Table API是用于流和批处理的统一关系的API,以下为对同一种需求的三种简单的不同使用形式
需求:求每个用户的订单总额
import org.apache.flink.api.common.typeinfo.{TypeInformation, Types}
import org.apache.flink.table.api.scala._
import org.apache.flink.streaming.api.scala.{ StreamExecutionEnvironment}
import org.apache.flink.table.api.{EnvironmentSettings}
import org.apache.flink.table.descriptors.{FileSystem, OldCsv, Schema}
import org.apache.flink.types.Row
object FlinkTableSQL {
def main(args: Array[String]): Unit = {
val fsSettings = EnvironmentSettings.newInstance().useOldPlanner().inStreamingMode().build()
val fsEnv = StreamExecutionEnvironment.getExecutionEnvironment
val tEnv = StreamTableEnvironment.create(fsEnv, fsSettings)
//从项目根目录中加载数据
val path = this.getClass.getClassLoader.getResource("Orders.txt").getPath
tEnv.connect(new FileSystem().path(path))
.withFormat(new OldCsv() //数据格式
.field("cID", Types.STRING)
.field("cName",Types.STRING)
.field("cCountry",Types.STRING)
.field("revenue",Types.DOUBLE).lineDelimiter("\n"))
.withSchema(new Schema() //数据类型
.field("cID", Types.STRING)
.field("cName",Types.STRING)
.field("cCountry",Types.STRING)
.field("revenue",Types.DOUBLE))
.inAppendMode()
.registerTableSource("Orders") //Orders表的注册
val orders = tEnv.scan("Orders")
//以单个记号(')开头来引用表的属性
val resultTable = orders
.groupBy('cID, 'cName) //分组
.select('cID, 'cName, 'revenue.sum as 'revSum) //查询计算
// ******************
//2.使用SQL进行表的查询
// ******************
val revenue1 = tEnv.sqlQuery(
"""
|SELECT cID, cName, SUM(revenue) AS revSum
|FROM Orders
|GROUP BY cID, cName
"""
.stripMargin) //stripMargin 删除由空格或控制字符组成的前导前缀
//控制台打印结果
implicit val tpe: TypeInformation[Row] = Types.ROW(Types.STRING,Types.STRING, Types.DOUBLE)

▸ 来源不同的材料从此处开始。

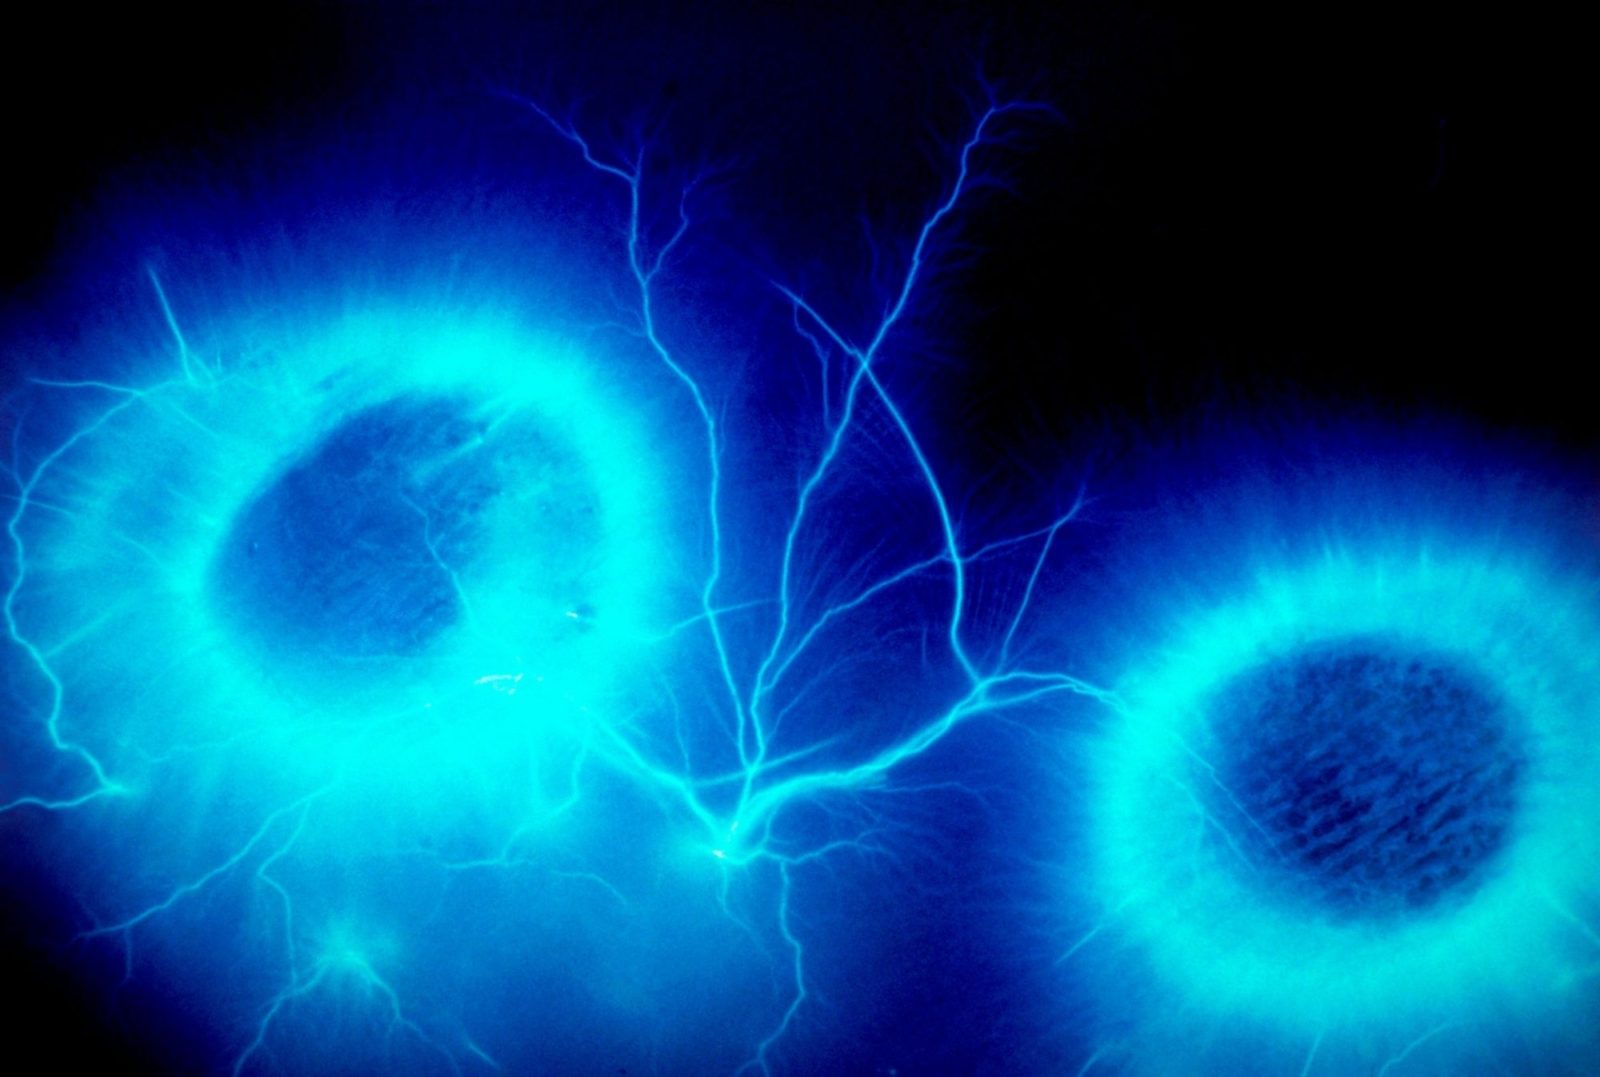 Kirlian photography of the electromagnetic discharge between two fingertips.

resultTable.toRetractStream[Row].print()
// 启动
fsEnv.execute()
}
}
import org.apache.flink.streaming.api.scala.{DataStream, StreamExecutionEnvironment}
import org.apache.flink.table.api.{EnvironmentSettings, Table}
import org.apache.flink.table.api.scala.StreamTableEnvironment
import org.apache.flink.table.api.scala._
import org.apache.flink.streaming.api.scala._
object FlinkTableSQL {
def main(args: Array[String]): Unit = {
val fsSettings = EnvironmentSettings.newInstance().useOldPlanner().inStreamingMode().build()

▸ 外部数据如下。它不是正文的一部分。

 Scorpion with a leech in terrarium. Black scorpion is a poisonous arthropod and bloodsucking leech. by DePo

val fsEnv = StreamExecutionEnvironment.getExecutionEnvironment
val tEnv = StreamTableEnvironment.create(fsEnv, fsSettings)
//从本地读取数据并将流转化为table
val orders: Table = fsEnv.readTextFile("file:///E:Orders.txt")
.map(line => line.split(","))
.map(o => Orders(o(0), o(1), o(2), o(3).toDouble))

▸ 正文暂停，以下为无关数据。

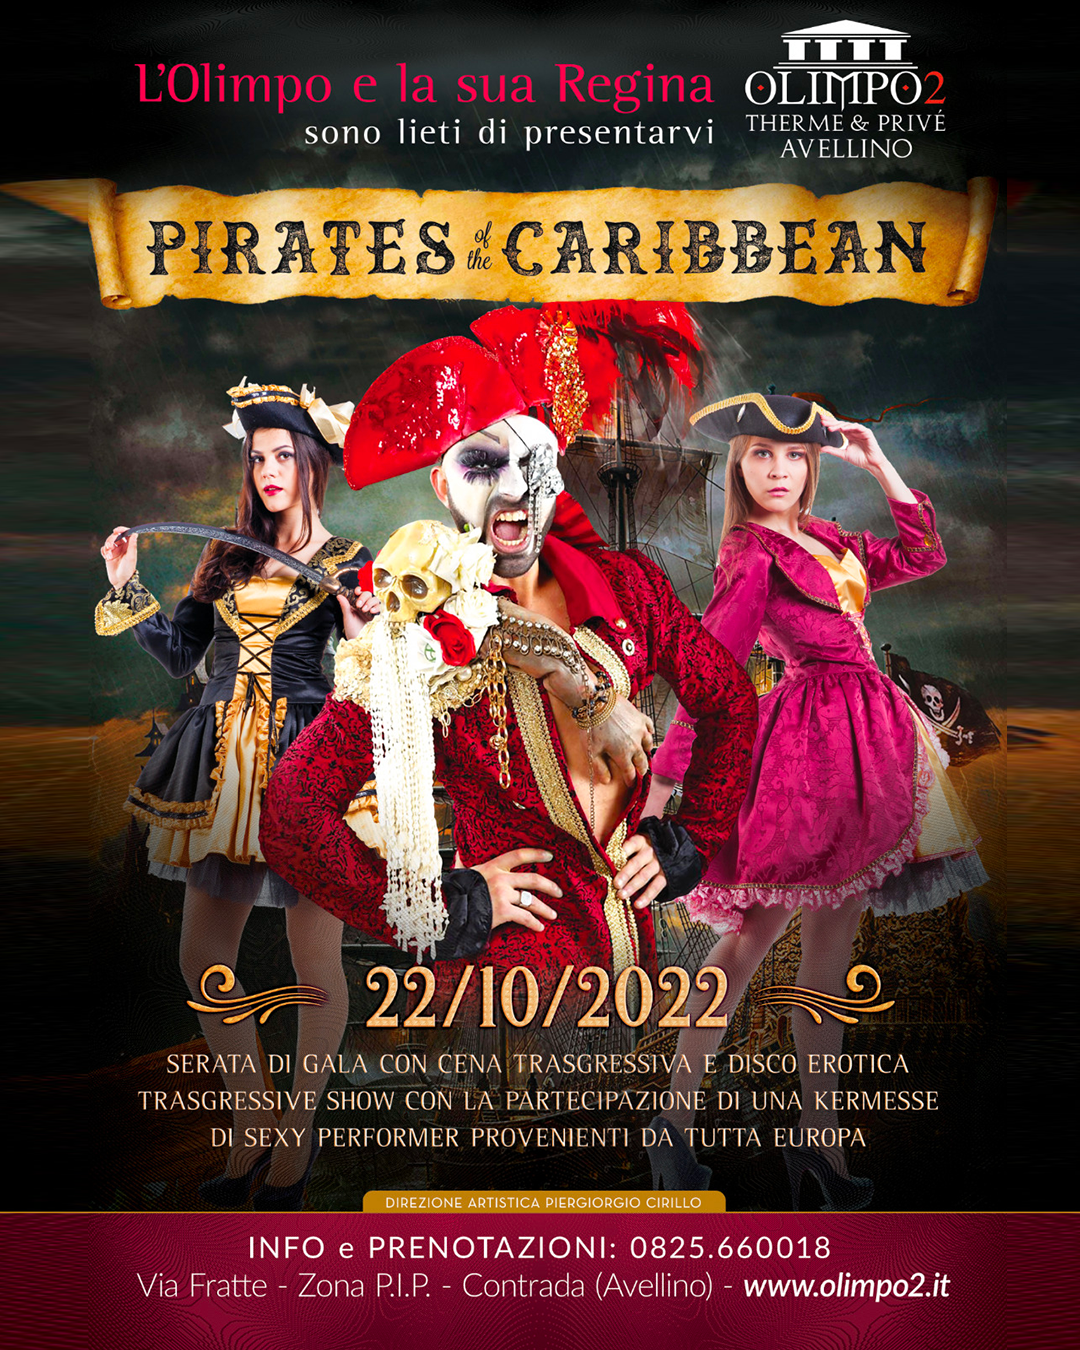 pirates of the caribbean olimpo 2 avellino

.toTable(tEnv, 'cID, 'cName, 'cCountry, 'revenue)
//进行表的注册
tEnv.registerTable("orders",orders)
val resultTable = tEnv.sqlQuery(
"""
|SELECT cID, cName, SUM(revenue) AS revSum
|FROM orders
|GROUP BY cID, cName
"""
.stripMargin) //stripMargin 删除由空格或控制字符组成的前导前缀
/*
val resultTable = orders
.groupBy('cID, 'cName) //分组
.select('cID, 'cName, 'revenue.sum as 'revSum) //查询计算
*/
tEnv.toRetractStream[(String, String, Double)](resultTable).print()
fsEnv.execute()
}
}
//需创建样例类
case class Orders(cID:String,cName:String,cCountry:String,revenue:Double)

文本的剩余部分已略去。